> **Action item**: Below are some entries. Repeat exactly the lines from the one with "2. Supplemental curtain side-impact air" through the one with "4. Seat belt preten", and only those.

> **Dataset excerpts**:
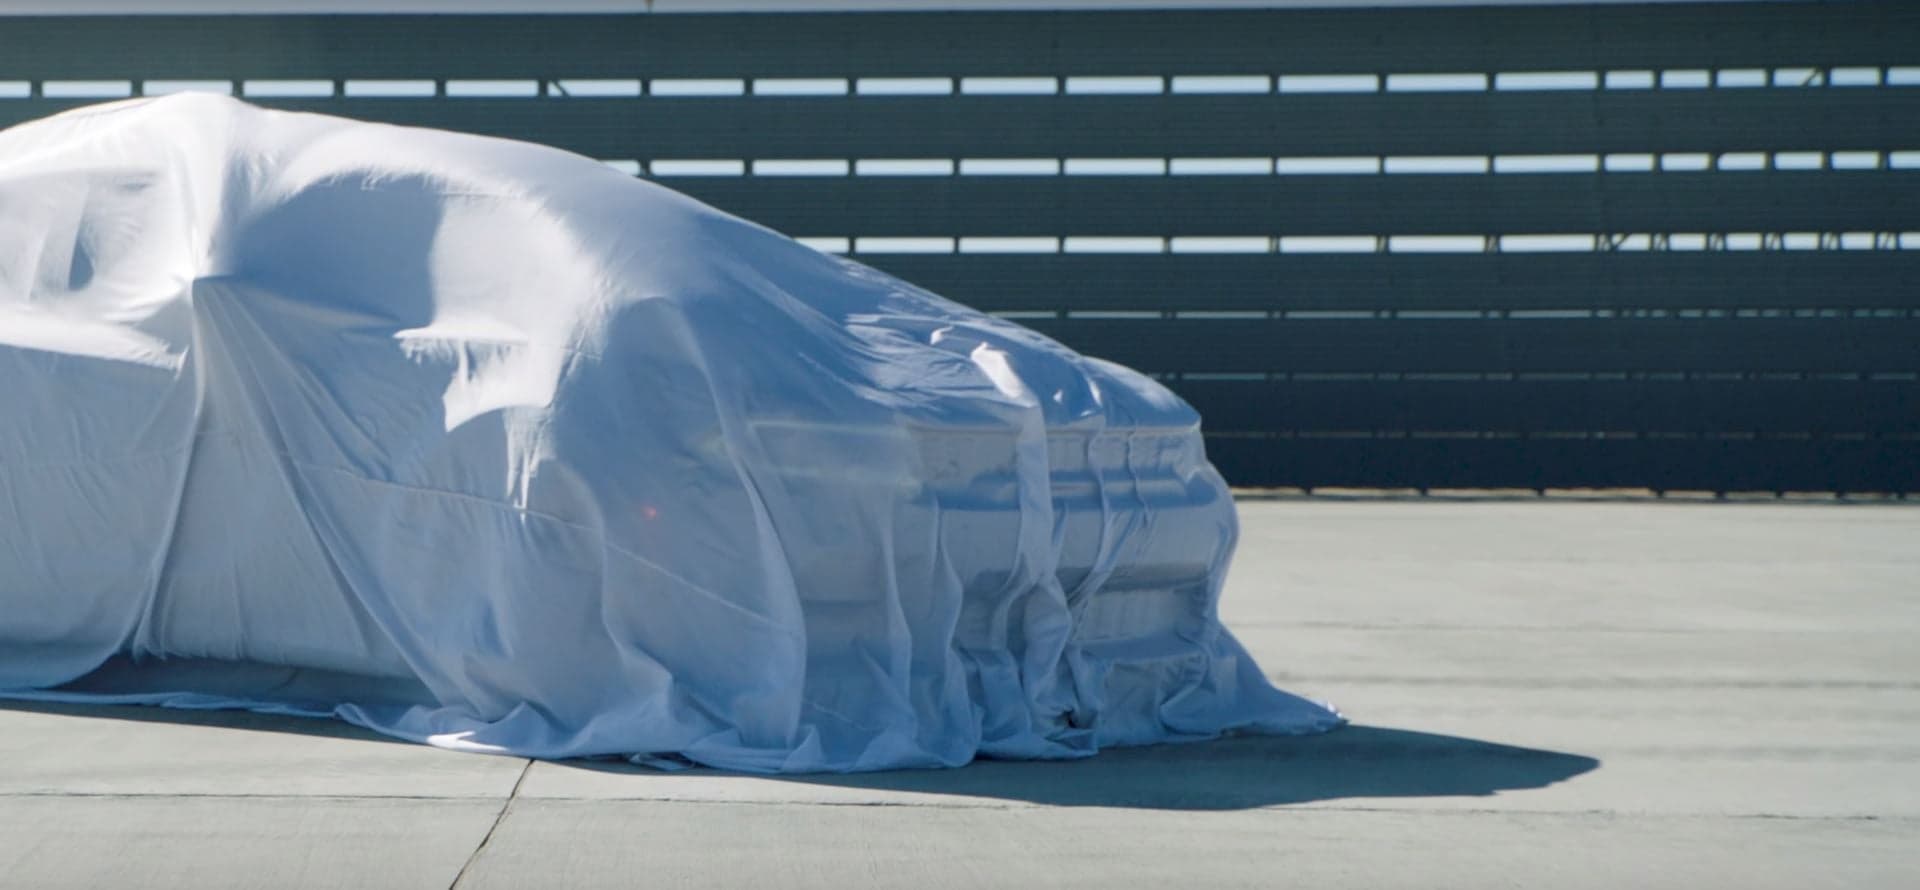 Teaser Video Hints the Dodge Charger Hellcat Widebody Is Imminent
==
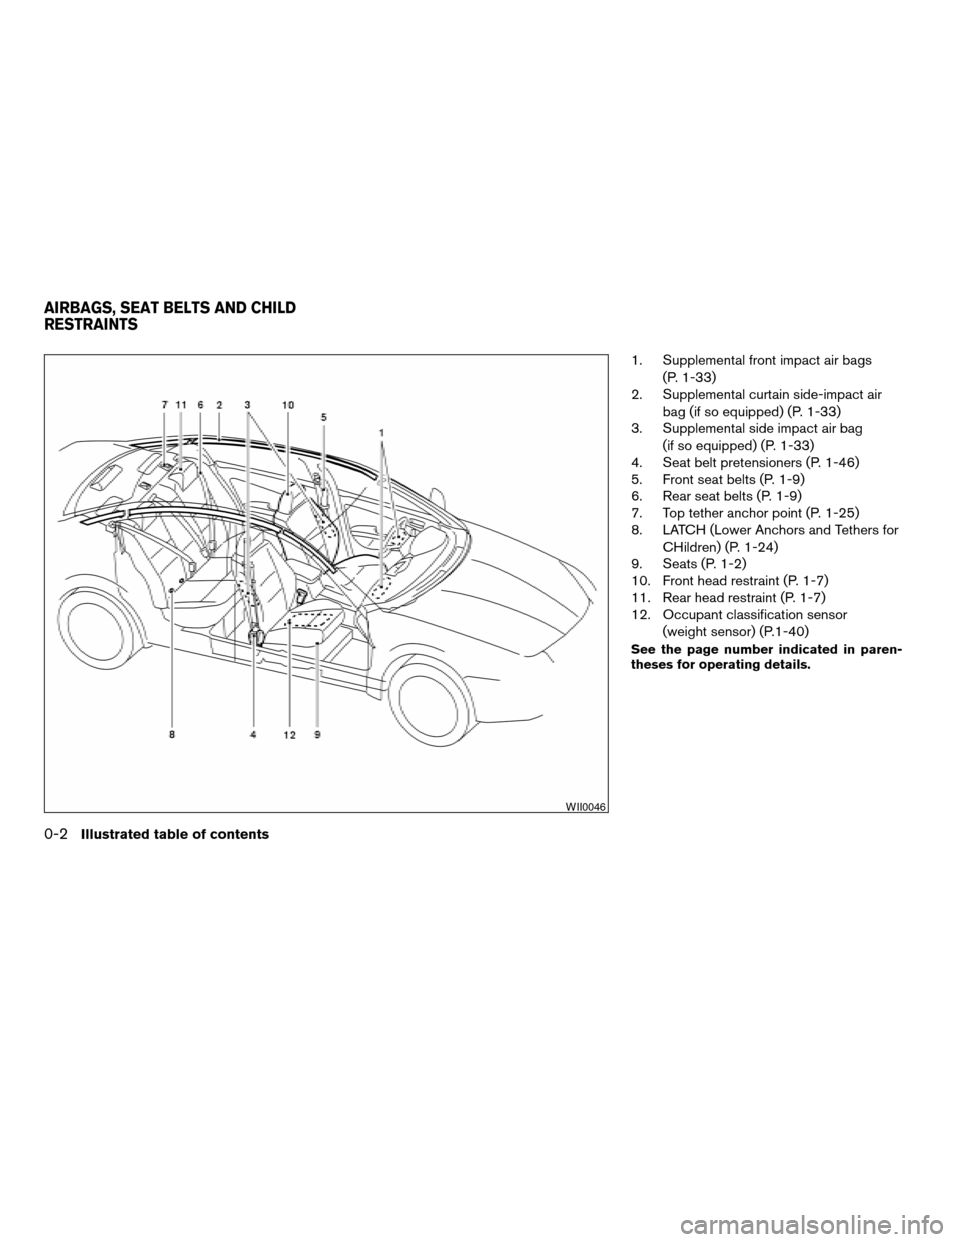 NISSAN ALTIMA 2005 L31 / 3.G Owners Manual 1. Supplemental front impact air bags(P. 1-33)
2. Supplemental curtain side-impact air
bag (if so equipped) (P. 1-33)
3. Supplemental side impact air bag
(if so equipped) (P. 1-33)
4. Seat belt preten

> **Answer to this task**:
2. Supplemental curtain side-impact air
bag (if so equipped) (P. 1-33)
3. Supplemental side impact air bag
(if so equipped) (P. 1-33)
4. Seat belt preten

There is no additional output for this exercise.